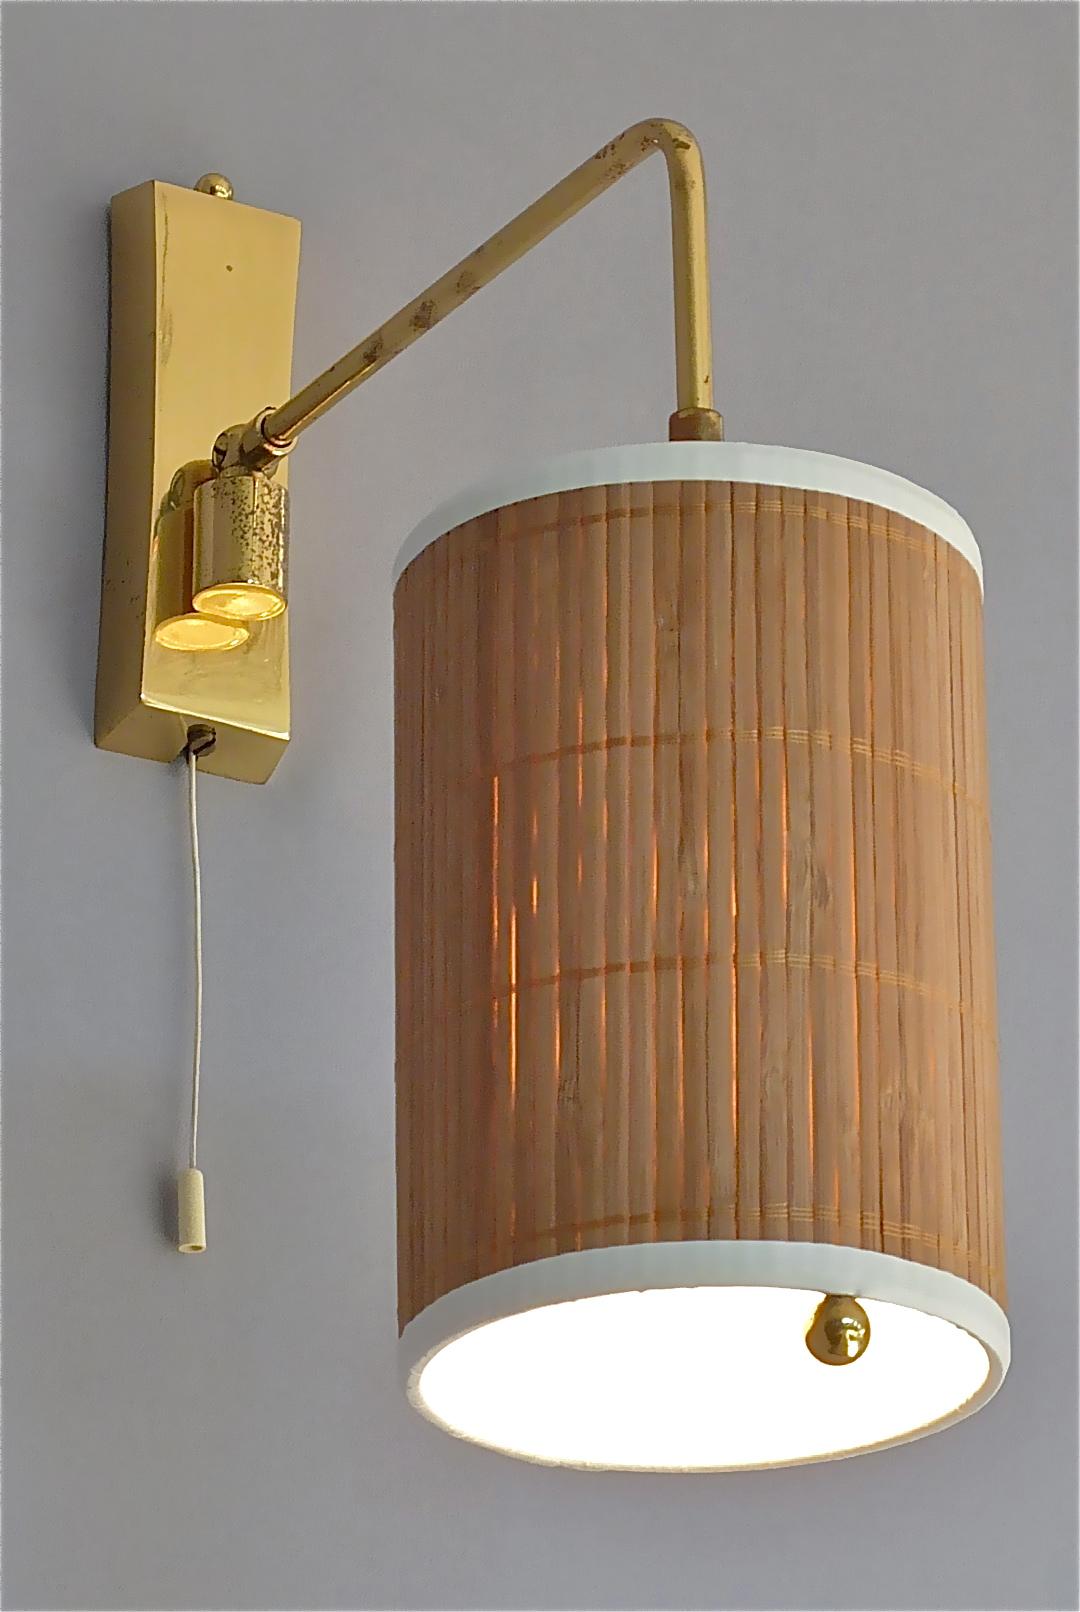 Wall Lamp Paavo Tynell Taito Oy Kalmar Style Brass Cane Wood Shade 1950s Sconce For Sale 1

==

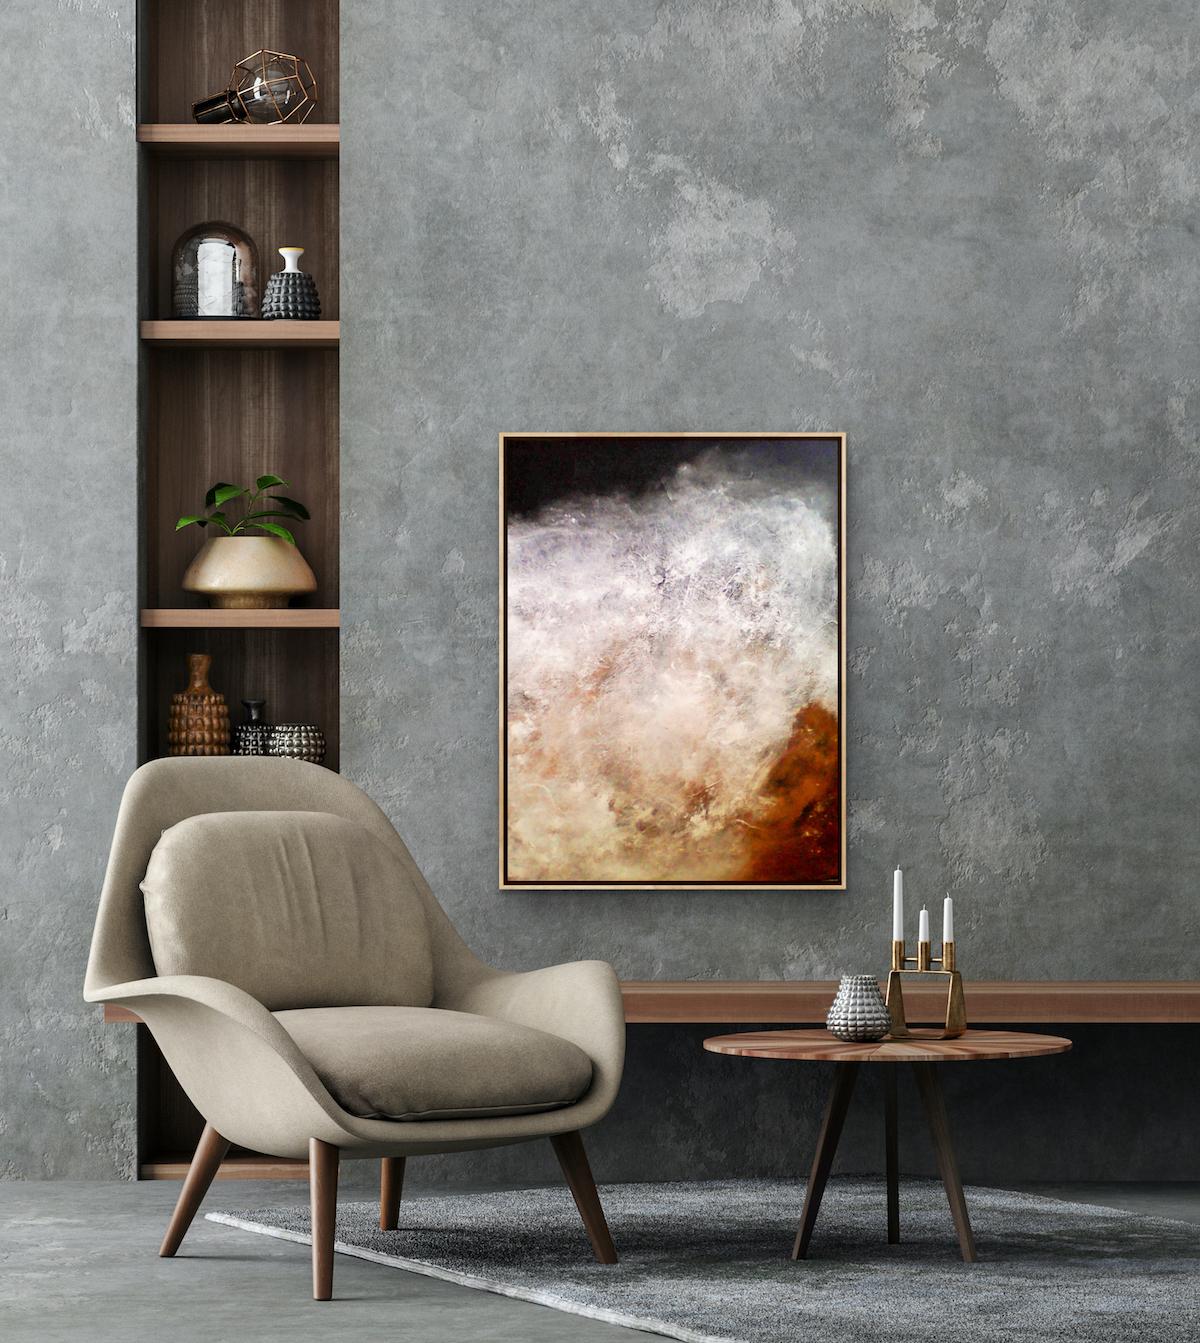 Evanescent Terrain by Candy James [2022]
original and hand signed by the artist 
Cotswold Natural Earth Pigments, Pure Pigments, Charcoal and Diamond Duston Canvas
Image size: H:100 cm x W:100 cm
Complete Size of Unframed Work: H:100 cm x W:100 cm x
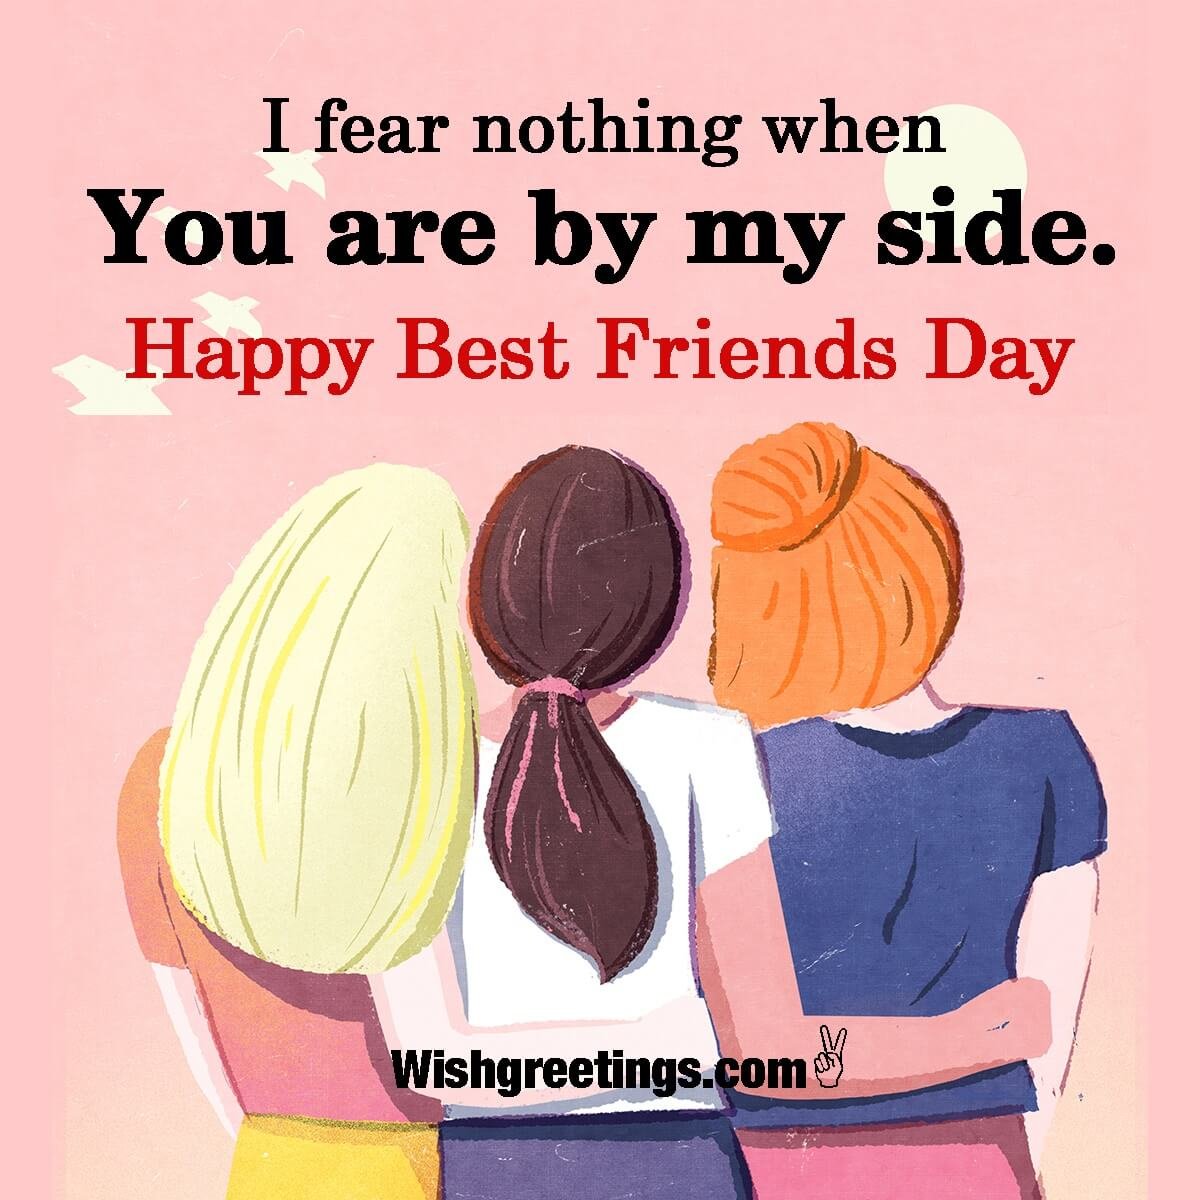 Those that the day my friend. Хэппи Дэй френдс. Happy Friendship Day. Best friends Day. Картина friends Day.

==

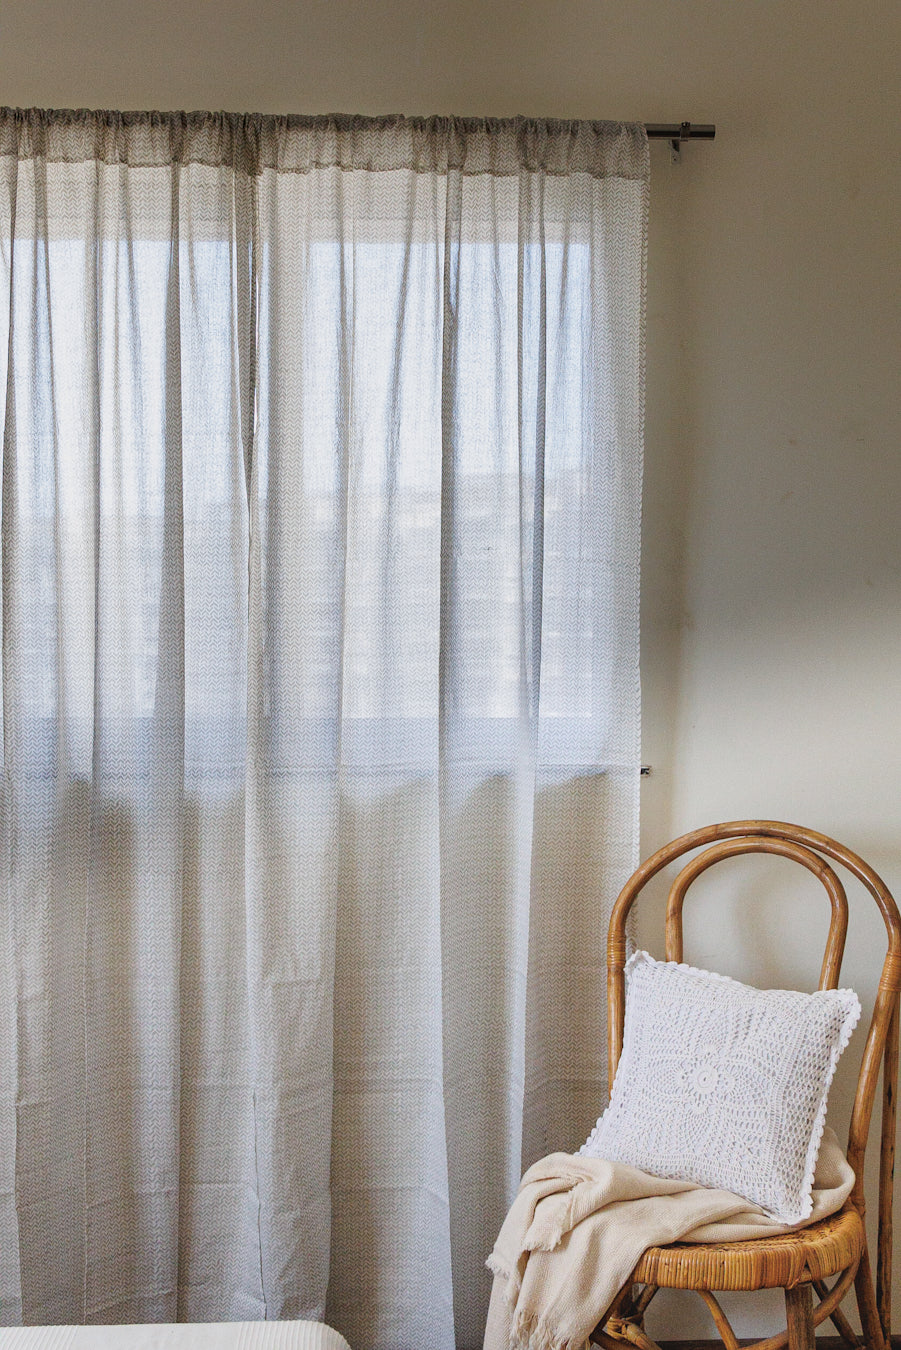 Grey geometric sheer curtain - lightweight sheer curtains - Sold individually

● **WHAT IS REQUIRED**
Take the entries above and copy exactly the lines starting at the one with "original and hand signed by the artist" and ending at the one with "Those that the"; nothing outside that span, and no pictures.

● **FINAL ANSWER**
original and hand signed by the artist 
Cotswold Natural Earth Pigments, Pure Pigments, Charcoal and Diamond Duston Canvas
Image size: H:100 cm x W:100 cm
Complete Size of Unframed Work: H:100 cm x W:100 cm x
 Those that the day my friend. Хэппи Дэй френдс. Happy Friendship Day. Best friends Day. Картина friends Day.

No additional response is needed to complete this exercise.